Hani Melekler, dediler ki: “Meryem, doğrusu Allah Kendinden bir kelimeyi sana müjdelemektedir. Onun adı Meryem oğlu İsa Mesih’tir. O, dünyada ve ahirette ‘seçkin, onurlu, saygındır’ ve (Allah’a) yakın kılınanlardandır. Beşikte de, yetişkinliğinde de insanlarla konuşacaktır. Ve O salihlerdendir. “Rabbim, bana bir beşer dokunmamışken, nasıl bir çocuğum olabilir?” dedi. (Fakat) Allah neyi dilerse yaratır. Bir işin olmasına karar verirse, yalnızca ona “ol” der, o da hemen oluverir. Ona Kitab’ı, hikmeti, Tevrat’ı ve İncil’i öğretecek. (Al-i İmran Suresi, 45-48)
Ayette, Allah’ın Hz. İsa (as)’a, Tevrat’ı, İncil’i ve bir de “Kitab’ı” öğreteceği haber verilmektedir. Bu kitabın hangi kitap olduğu kuşkusuz önemlidir. Aynı ifade Maide Suresi’nin 110. ayetinde de yer almaktadır:
Allah şöyle diyecek: “Ey Meryem oğlu İsa, sana ve annene olan nimetimi hatırla. Ben seni Ruhu’l-Kudüs ile destekledim, beşikte iken de, yetişkin iken de insanlarla konuşuyordun. Sana Kitab’ı, hikmeti, Tevrat’ı ve İncil’i öğrettim…” (Maide Suresi, 110)
Her iki ayette de geçen “Kitap” ifadesini incelediğimizde, bunun Kuran’a işaret ettiğini görürüz. Ayetlerde Tevrat ve İncil dışında gönderilen son hak kitabın Kuran olduğu bildirilmektedir. (Hz.
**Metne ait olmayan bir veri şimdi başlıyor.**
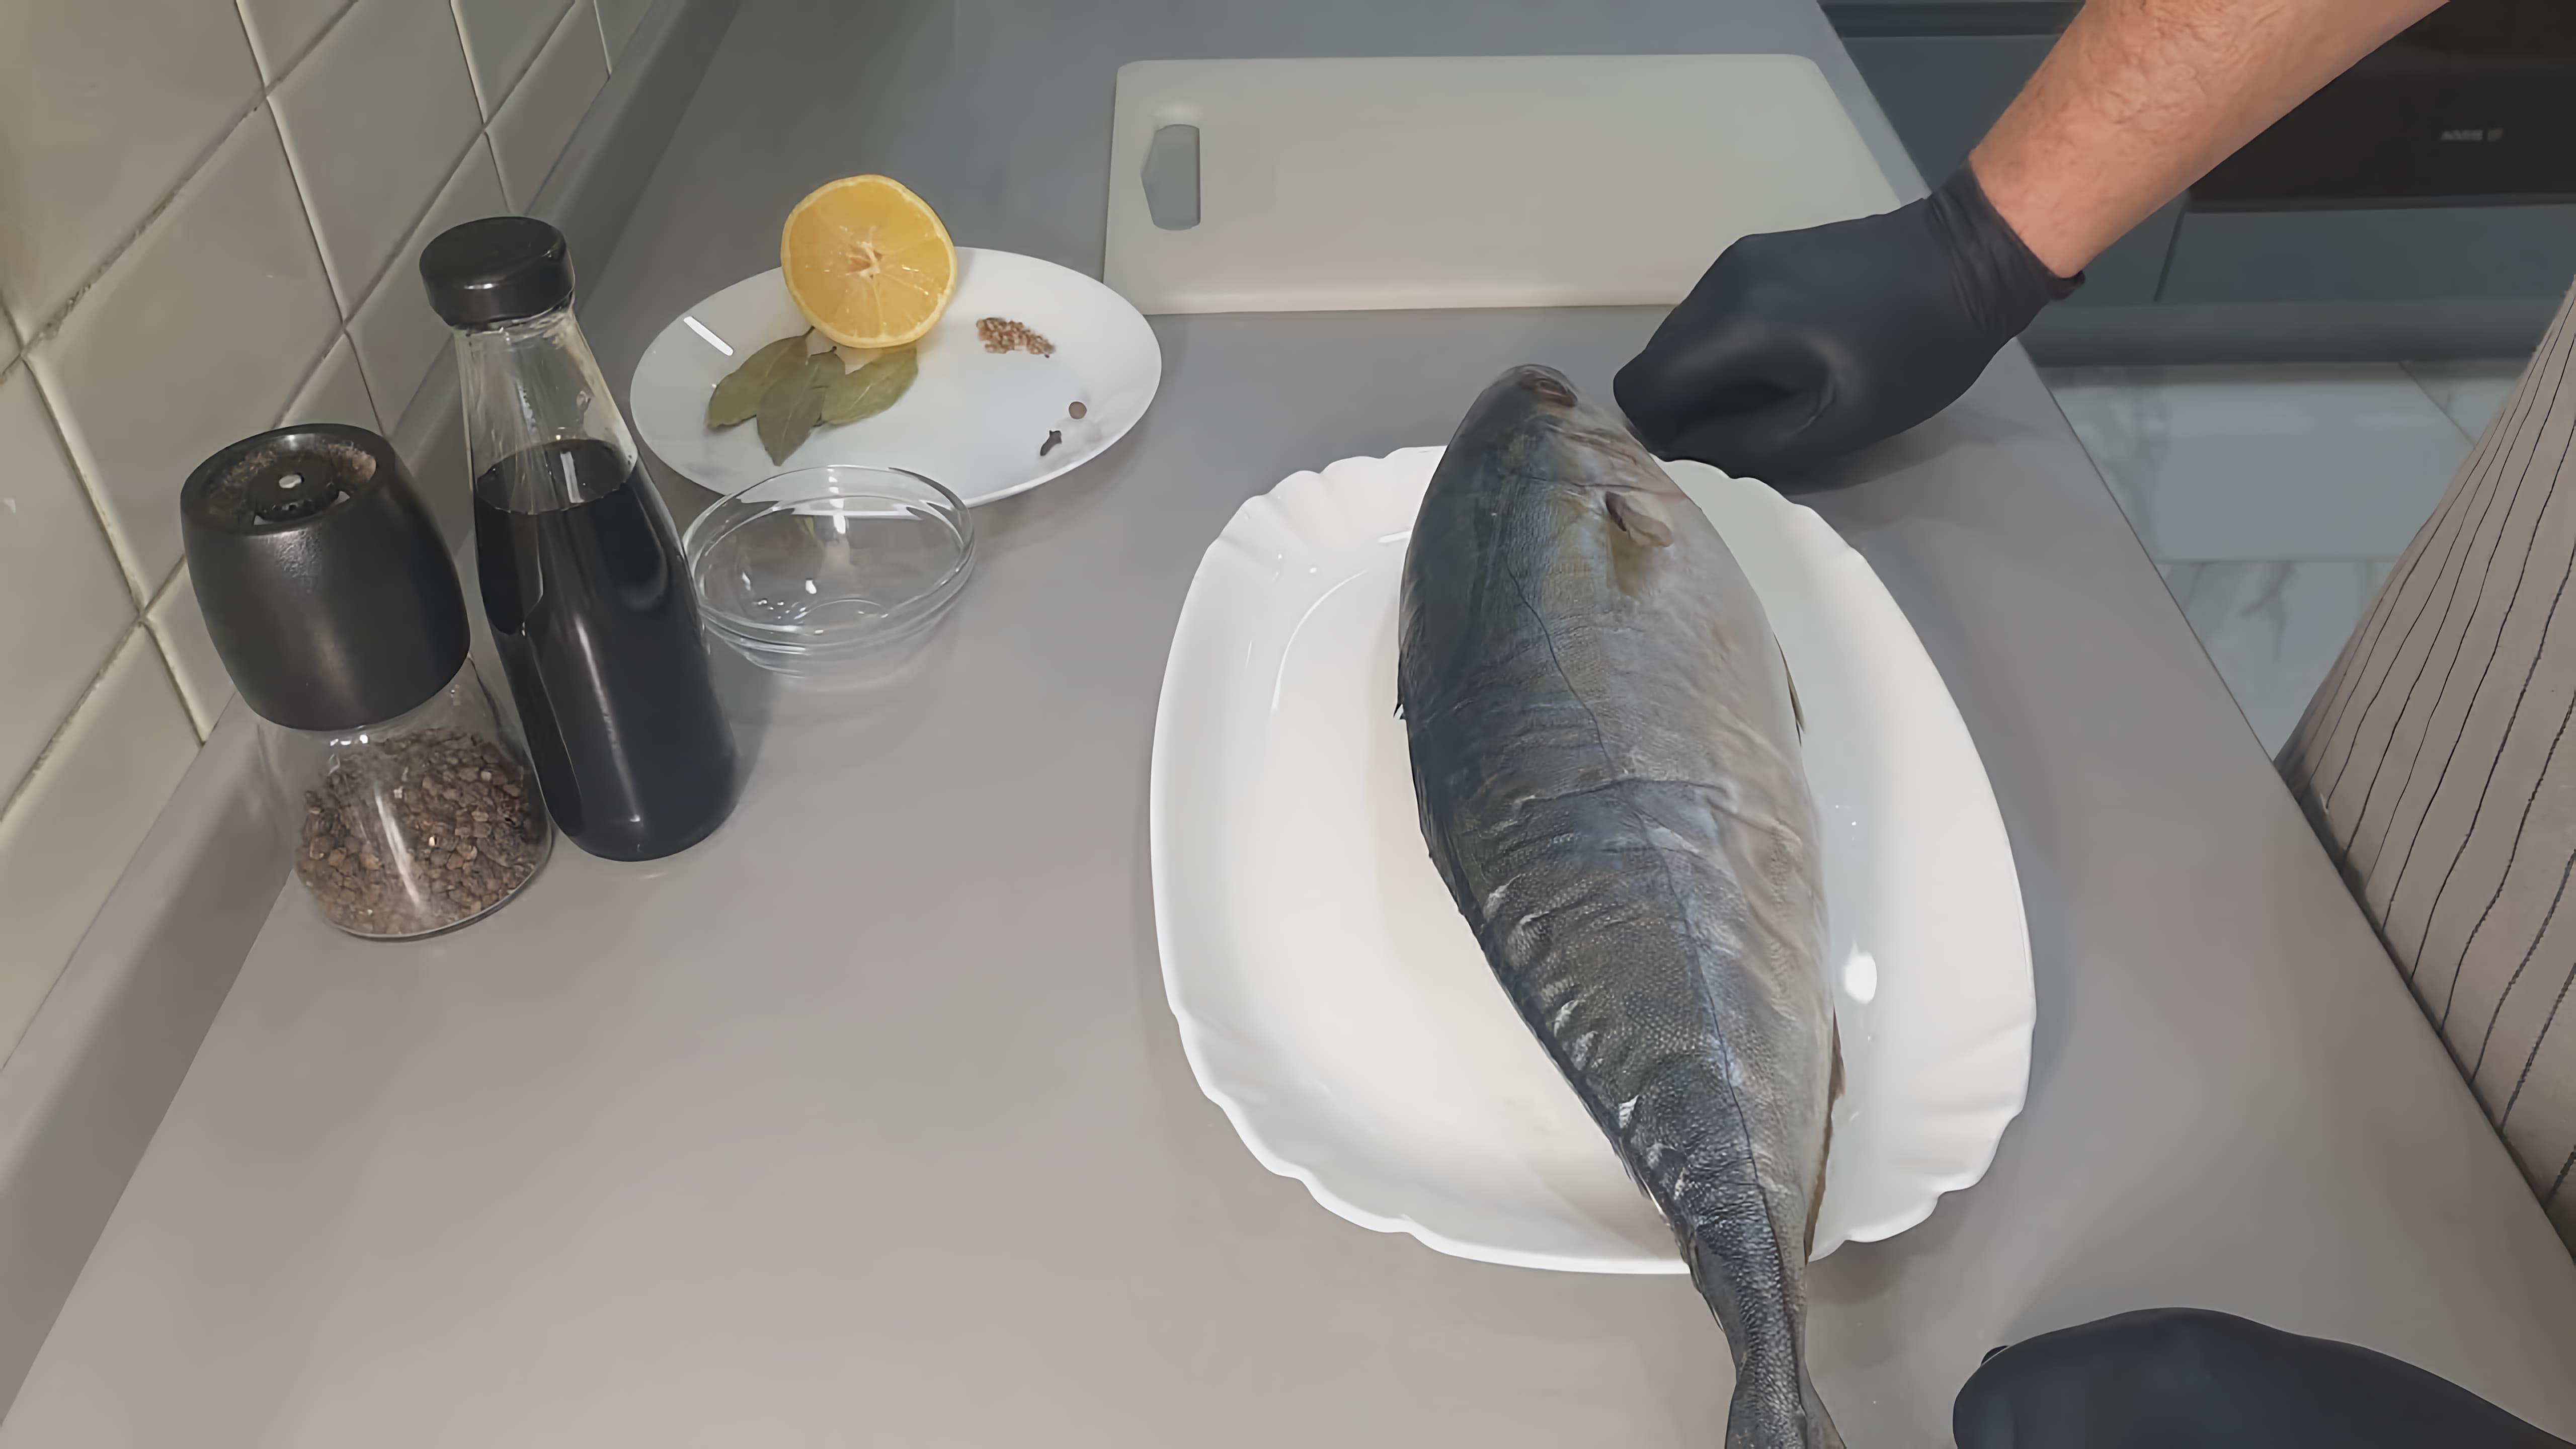 В этом видео демонстрируется рецепт запекания рыбы под названием лакедра или желтохвост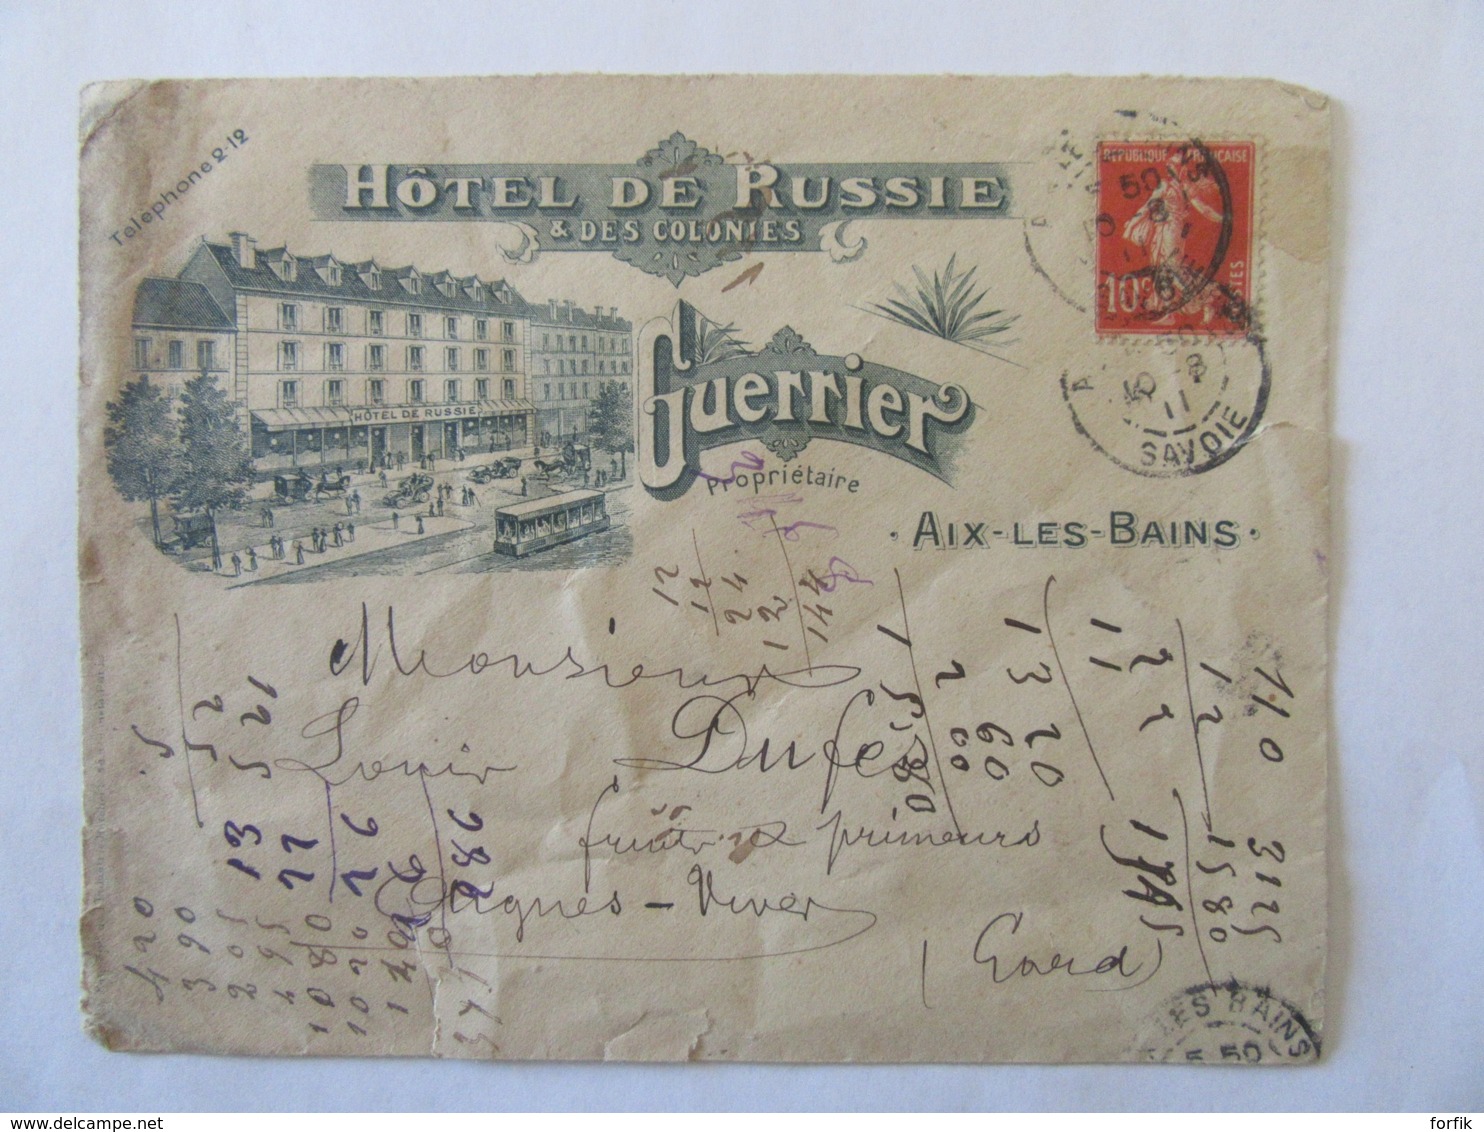 Enveloppe à En-tête De L'Hôtel De Russie & Des Colonies D'Aix-Les-Bains - Guerrier Propriétaire - Circulée En 1911 - 1877-1920: Période Semi Moderne

Davud’a verilen Zebur da Eski Ahit’in içindedir) Bunun yanında, Kuran’ın başka ayetlerinde, “Kitap” kelimesi, İncil ve Tevrat’ın yanında Kuran’ı ifade etmek için kullanılmıştır:
Allah… O’ndan başka İlah yoktur. Diridir, kaimdir. O, sana Kitab’ı Hak ve kendinden öncekileri doğrulayıcı olarak indirdi. O, Tevrat ve İncil’i de indirmişti. (Al-i İmran Suresi, 2-3)
Kitap kelimesinin Kuran’a işaret ettiği başka ayetler de şu şekildedir:
Allah Katından yanlarında olan (Tevrat)ı doğrulayan bir Kitap geldiği zaman, -ki bundan önce inkar edenlere karşı fetih istiyorlardı- işte bilip-tanıdıkları gelince, onu inkar ettiler. Artık Allah’ın laneti kafirlerin üzerinedir. (Bakara Suresi, 89)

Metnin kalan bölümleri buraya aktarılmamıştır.